> DIRECTIONS FOR THIS TASK: Word for word, restate the lines from the one holding "31 today (September" through the last line of the material below, and leave every picture out.

SOURCE MATERIAL below:

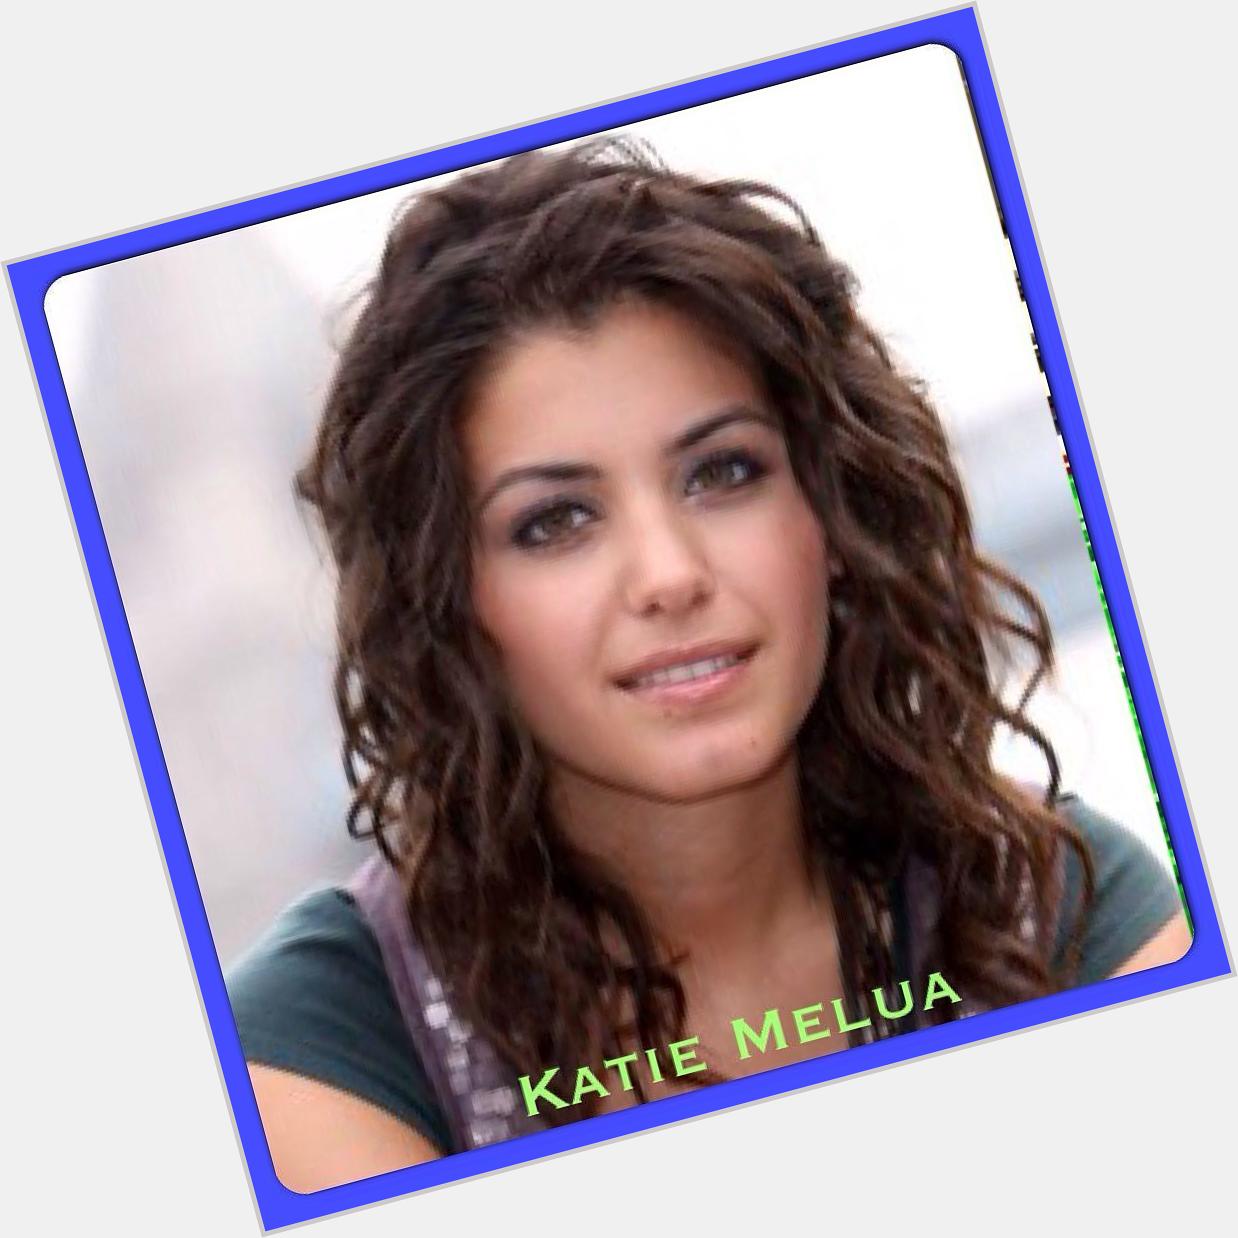  :  | And happy birthday to singer songwriter 
Katie Melua 
31 today (September 
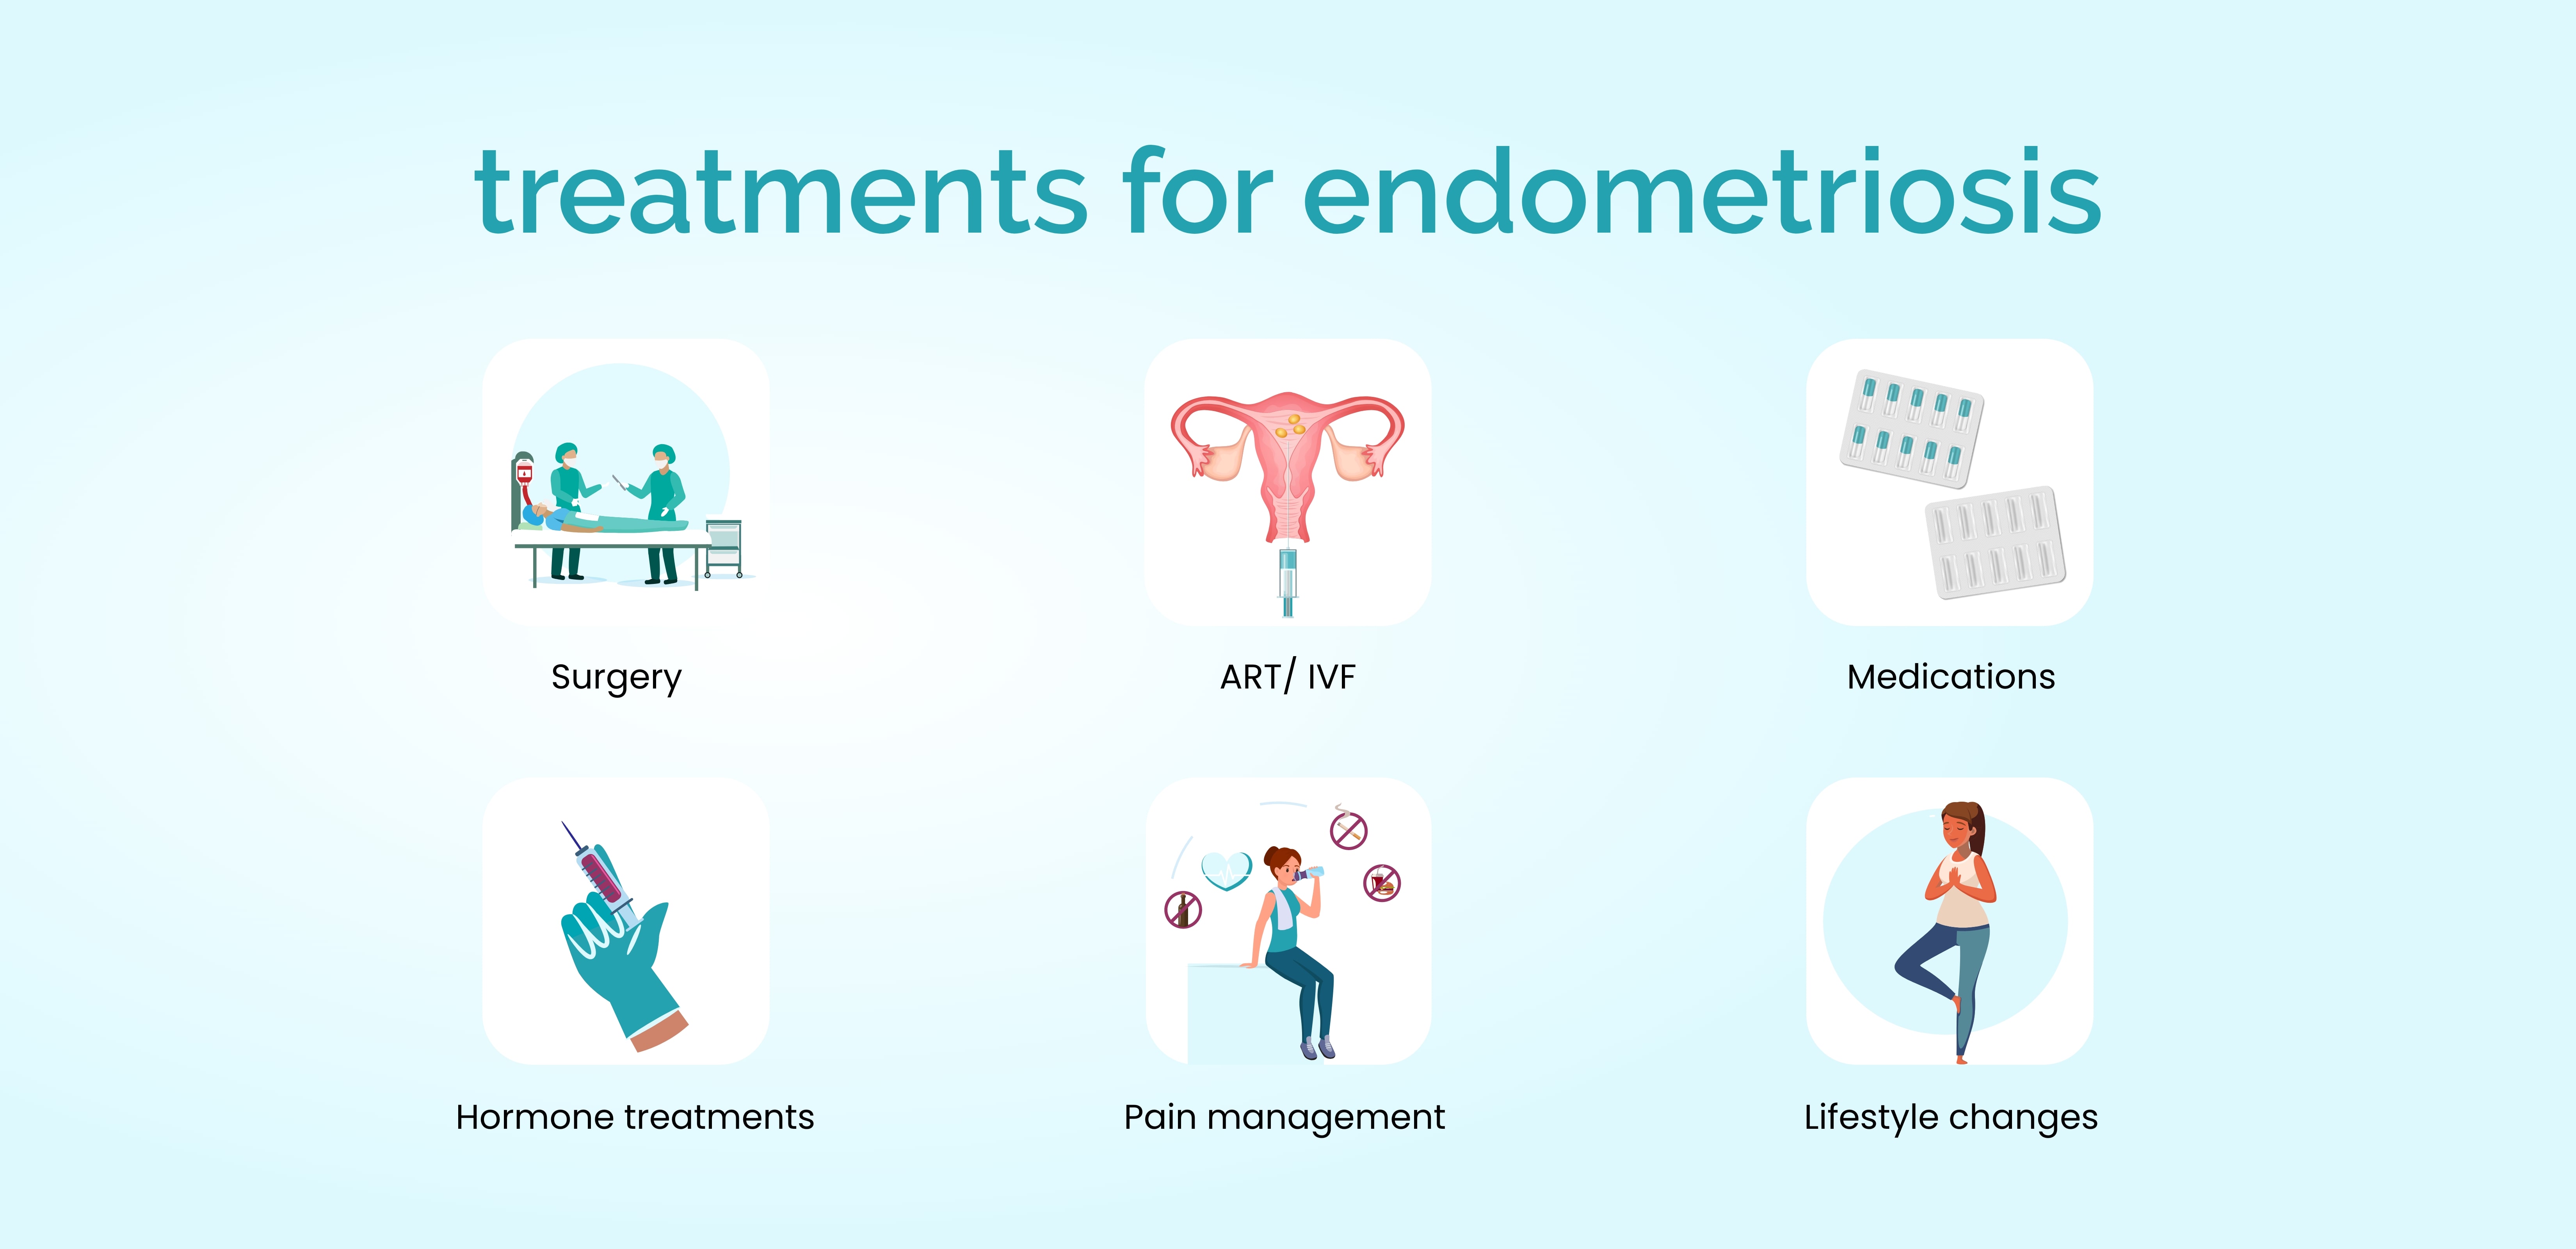 What are the treatments for endometriosis?

End of SOURCE MATERIAL.

> EXERCISE OUTPUT:
31 today (September 
 What are the treatments for endometriosis?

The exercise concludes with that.